Closed DataStrategist closed 7 years ago
In general it's already possible to join by timestamp using the difference_inner_join
function (see the below examples- this works because subtracting datetimes and treating it as numeric gets a difference in seconds).
However, what that question was asking for specifically was to find joins where one column was between two others, which is trickier and isn't something fuzzyjoin is currently designed for (it would require somewhat different syntax).
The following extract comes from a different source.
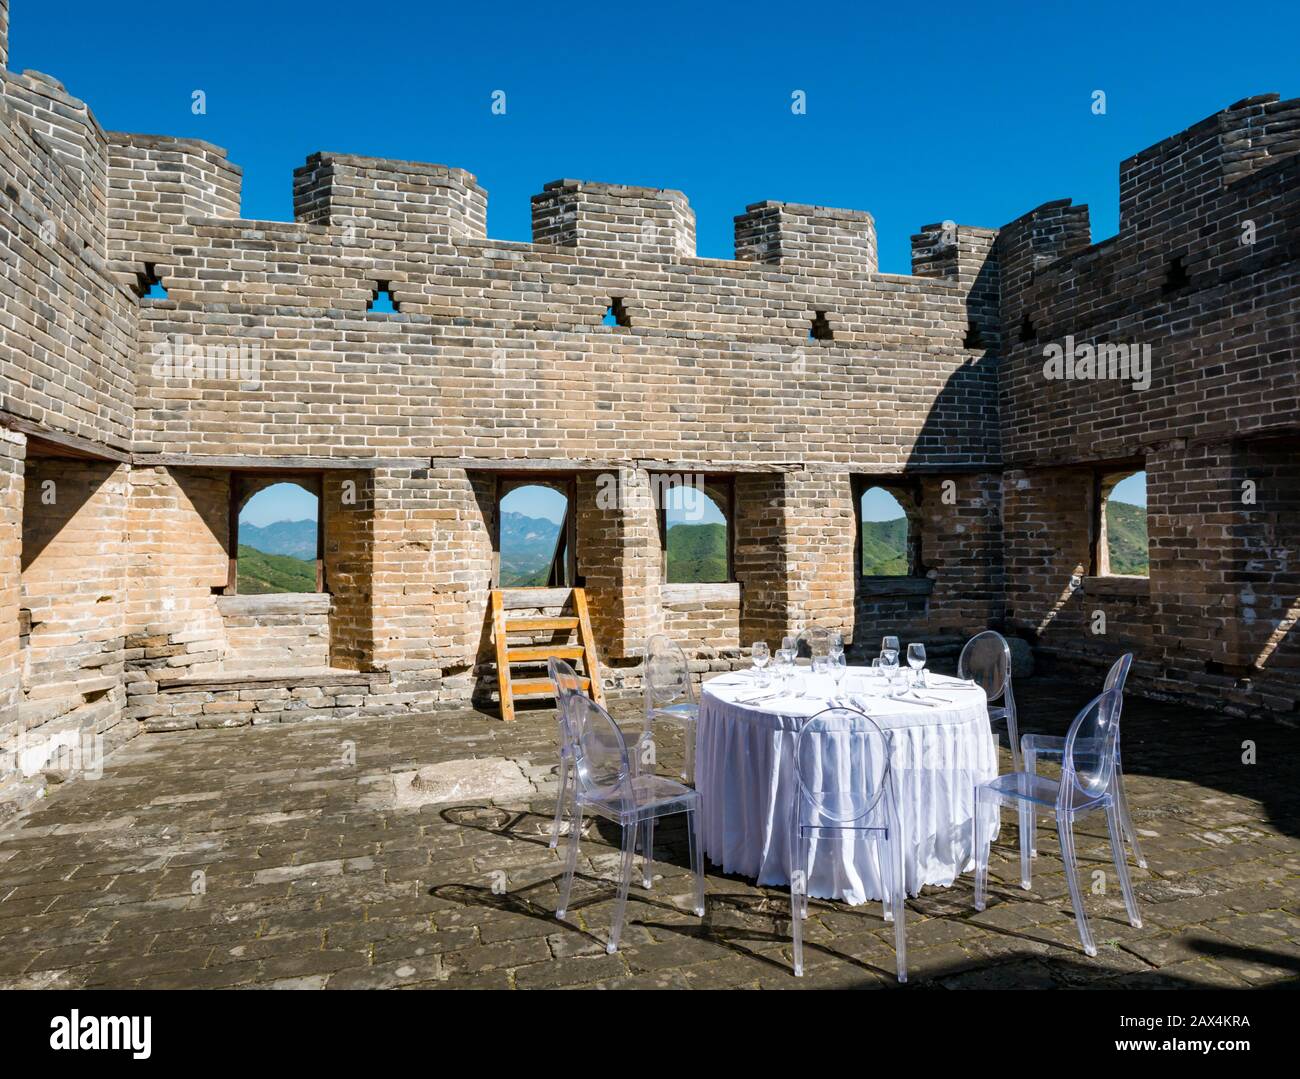 Table set up for formal dining occasion in open air crenellated watchtower, Jinshanling Great Wall of China, People’s Republic of China, Asia Stock Photo

It's not specific to timestamps so I'll close this issue, but may return to the problem!
library(readr)
library(fuzzyjoin)
d1 <- read_csv("row1,time1
1,2016-11-14 20:00:00
2,2016-11-14 21:00:00
3,2016-11-14 22:00:00")
d2 <- read_csv("row2,time2
1,2016-11-14 20:00:05
2,2016-11-14 22:00:10
3,2016-11-14 21:00:05")
# at most five seconds apart
difference_inner_join(d1, d2, by = c(time1 = "time2"), max_dist = 5)
#> # A tibble: 2 × 4
#> row1 time1 row2 time2
#> <int> <dttm> <int> <dttm>
#> 1 1 2016-11-14 20:00:00 1 2016-11-14 20:00:05
#> 2 2 2016-11-14 21:00:00 3 2016-11-14 21:00:05
# at most ten seconds apart
difference_inner_join(d1, d2, by = c(time1 = "time2"), max_dist = 10)
#> # A tibble: 3 × 4
#> row1 time1 row2 time2
#> <int> <dttm> <int> <dttm>
#> 1 1 2016-11-14 20:00:00 1 2016-11-14 20:00:05
#> 2 2 2016-11-14 21:00:00 3 2016-11-14 21:00:05
#> 3 3 2016-11-14 22:00:00 2 2016-11-14 22:00:10
# at most one second apart
difference_inner_join(d1, d2, by = c(time1 = "time2"), max_dist = 1)
#> # A tibble: 0 × 4
#> # ... with 4 variables: row1 <int>, time1 <dttm>, row2 <int>, time2 <dttm>
# at most an hour apart
difference_inner_join(d1, d2, by = c(time1 = "time2"), max_dist = 60 * 60)
#> # A tibble: 5 × 4
#> row1 time1 row2 time2
#> <int> <dttm> <int> <dttm>
#> 1 1 2016-11-14 20:00:00 1 2016-11-14 20:00:05
#> 2 2 2016-11-14 21:00:00 1 2016-11-14 20:00:05
#> 3 2 2016-11-14 21:00:00 3 2016-11-14 21:00:05
#> 4 3 2016-11-14 22:00:00 2 2016-11-14 22:00:10
#> 5 3 2016-11-14 22:00:00 3 2016-11-14 21:00:05
It's true, and difference_inner_join is close... but in fact, it would be enough if we could just specify to always round-down. THat way, it would pick the nearest timestamp (as long as it's greater). If that condition were applied AND if the timestamps are arranged chronologically, it would be sufficient, no?
I saw this on SO: http://stackoverflow.com/questions/40632295/how-do-i-select-values-from-a-lookup-table-based-on-their-time-stamp, where the asker would like to match based on ranges... but it gave me the idea... your fuzzyjoin could also match based on closest timestamp. Could be a good feature for this package, no?